While sabermetricians like James use statistics to understand and explain baseball, professors and teachers across the country have increasingly been using the subjects for the opposite purpose: using baseball to explain mathematics. Parents may wonder why their third-grade sons can’t do their math homework but can understand every baseball statistic there is — my own younger brother once explained the difference between a player’s OBP and his batting average to my mother. Now, some educators are suggesting it’s because there’s not enough baseball in the homework.
Jim Albert, a math and statistics professor at Bowling Green State University has written a book titled “Teaching Statistics Using Baseball” in which he outlines his curriculum for a first-year course in statistics based entirely on baseball. Schools like the University of Georgia, the University of Oregon and Tufts have also offered courses on baseball statistics.
Last July, MIT hosted a four-week camp for middle-school students to learn math and physics through baseball. The 24 boys who participated spent their mornings learning about sports and statistics and conducting baseball-related experiments in parabolic motion. Later in the day, the boys left the classroom for the MIT baseball diamond, where they played baseball all afternoon.
The rationale for pairing math class with baseball is as sensible as it is simple: Hundreds of thousands of Americans love and understand baseball, but many fewer love and understand math.

“Many students are familiar with sports either as a participant or a spectator,” Albert wrote in the preface of “Teaching Statistics Using Baseball.” “For many students sports is a familiar context in which an instructor can describe statistical thinking.”
Harvard biologist Stephen Jay Gould, in his 2003 anthology of essays “Triumph and Tragedy in Mudville: A Lifelong Passion for Baseball,” explores the question of why Major League batters never hit .400 anymore, concluding that it’s the result of declining variation and overall improved playing in the sport.
“No one has invested more time and energy in the study of numbers than baseball aficionados,” Gould wrote. “We have measures and indices for everything imaginable.” And the ones we don’t have, James is busy inventing, like a player’s secondary average — meant to complement his batting average — which equals (doubles + (triples x 2) + (home runs x 3) + walks + stolen bases) / (total number of at bats).
In another essay, Gould analyzes Joe DiMaggio’s 1941 56-game hitting streak, showing that it’s one of the most statistically unlikely achievements in all baseball.
Gould wrote that “DiMaggio’s remarkable achievement — its uniqueness, in the unvarnished literal sense of that word — lies in whatever he did to extend his success well beyond the reasonable expectations of random models that have governed every other streak or slump in the history of baseball.”
Gould understood that great baseball is all about defying statistical expectations. He ends his essay “Why No One Hits .400 Any More” by saying he had a hunch Wade Boggs was going to bat .400 that year. Boggs didn’t, of course, but I’m pretty sure that Ortiz will this season.
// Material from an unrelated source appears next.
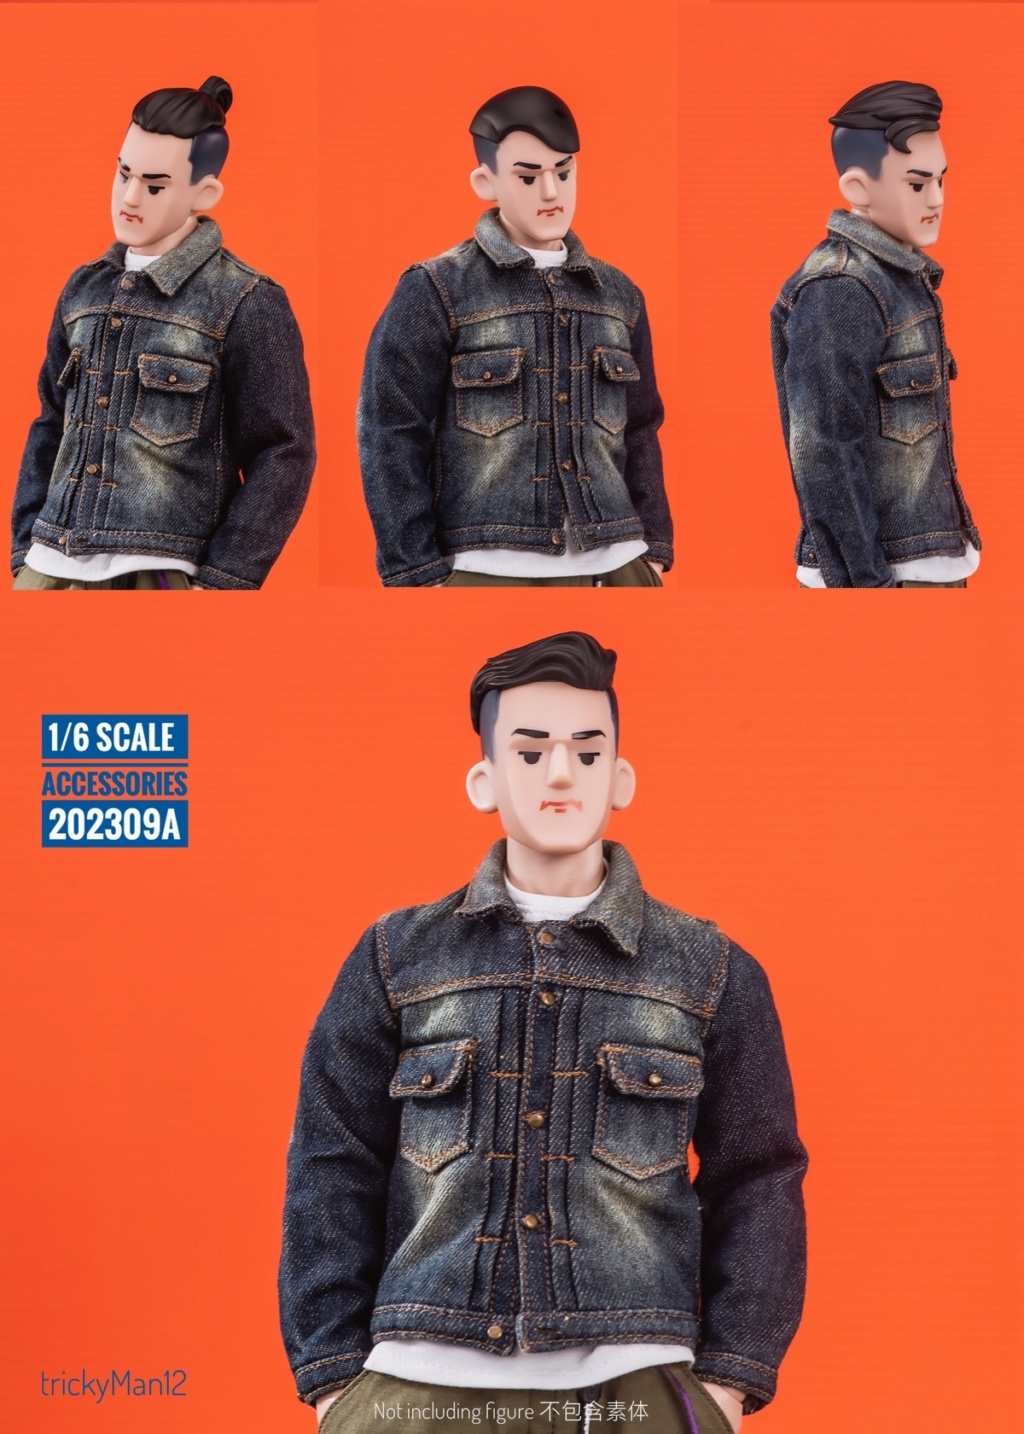 NEW PRODUCT: trickyMan12: 1/6 male doll head sculpture group 202309A（ black hair ）/202309W（ brown hair ） 11565410

The word sabermetrics sounds like it belongs in a “Star Wars” movie rather than a math textbook, but that’s fitting, perhaps, for a game about fantasy, force and the crushing defeat of the ultimate evil empire (the Yankees).
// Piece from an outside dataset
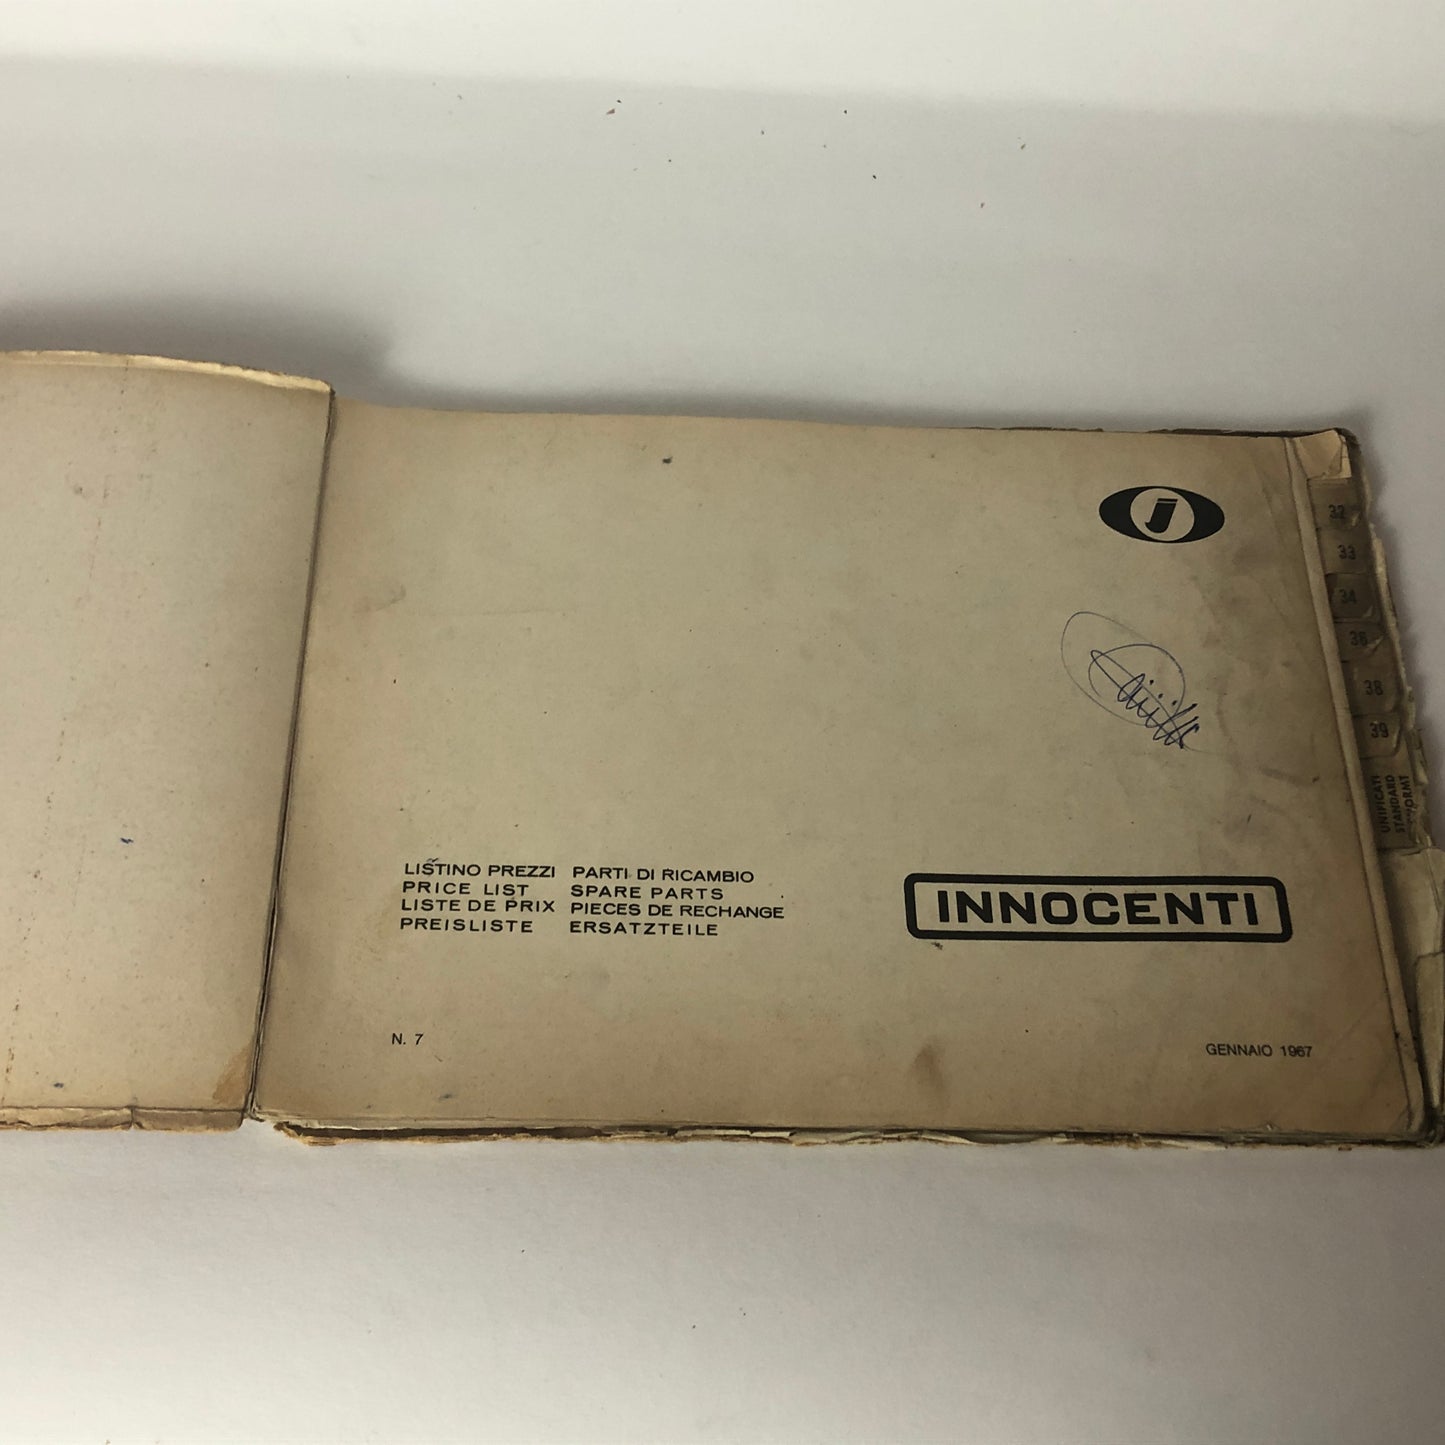 Innocenti, Price List of Spare Parts n.7 Year 1967

In 2004, sabermetrics helped the Red Sox end a legendary 86-year curse, when they were the first team ever to recover from a three-game deficit to win the American League Championship Series against their Darth Vader. Like DiMaggio’s 56-game hit streak, it was a tremendous, statistically improbable, though not impossible, achievement, especially for a team assembled under the careful mathematical analysis of a full-time sabermetrician.